Size of connected components versus threshold.
Strong connections occur in small groups
By increasing the threshold T, we can reduce the total number of edges until there are fewer edges than nodes (which happens at T = 51 and higher). If the strong edges were randomly distributed among the graph, at this point it would be expected to transition to a state where there are no large connected components[9]. But this is not what we observe - even at T = 101, where only 4500 edges remain, there is a connected component of 1900 nodes (<10% of the nodes) that contains more than 90% of the edges. At all strength thresholds, the connected components are dominated by one large component.

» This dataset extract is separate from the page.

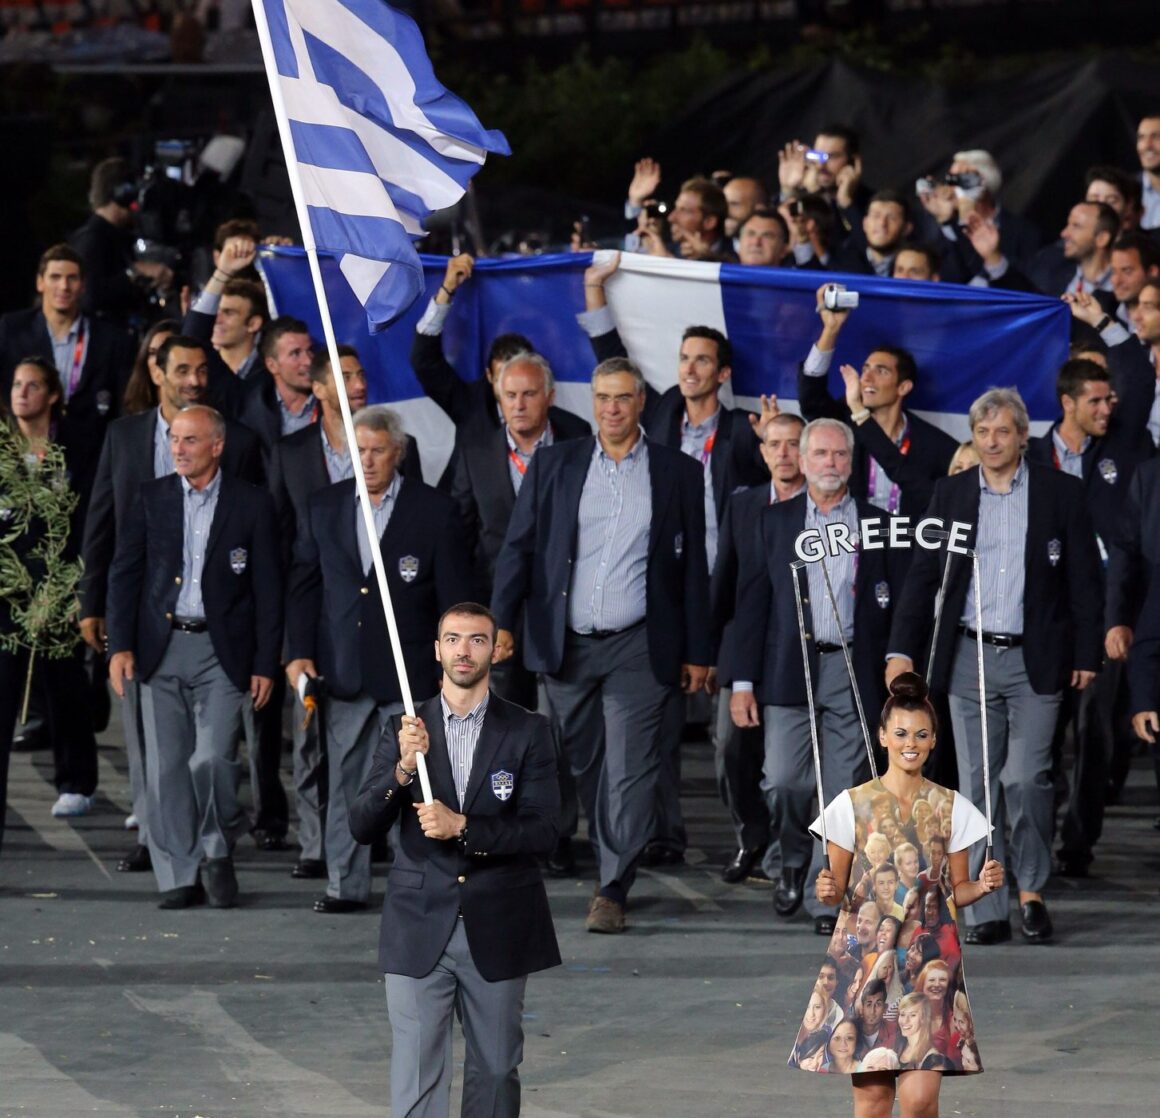 Αλέξανδρος Νικολαΐδης: Ο αποχαιρετισμός του Αλέξη Τσίπρα και του ΣΥΡΙΖΑ στον αθλητή που ήταν εκπρόσωπος Τύπου του κόμματος

One feature we do not see is a division into two large connected components. This could potentially happen, for example, if each side of the brain formed a component, and the two sides were lightly linked. One possible explanation is that the two sides of the brain are not equally represented in our sample, as shown in Figure 1. However, we think a more likely explanation is that the cross brain connections are among the strongest links. These hypotheses can be tested once we have a full brain connectome, work that is in progress now.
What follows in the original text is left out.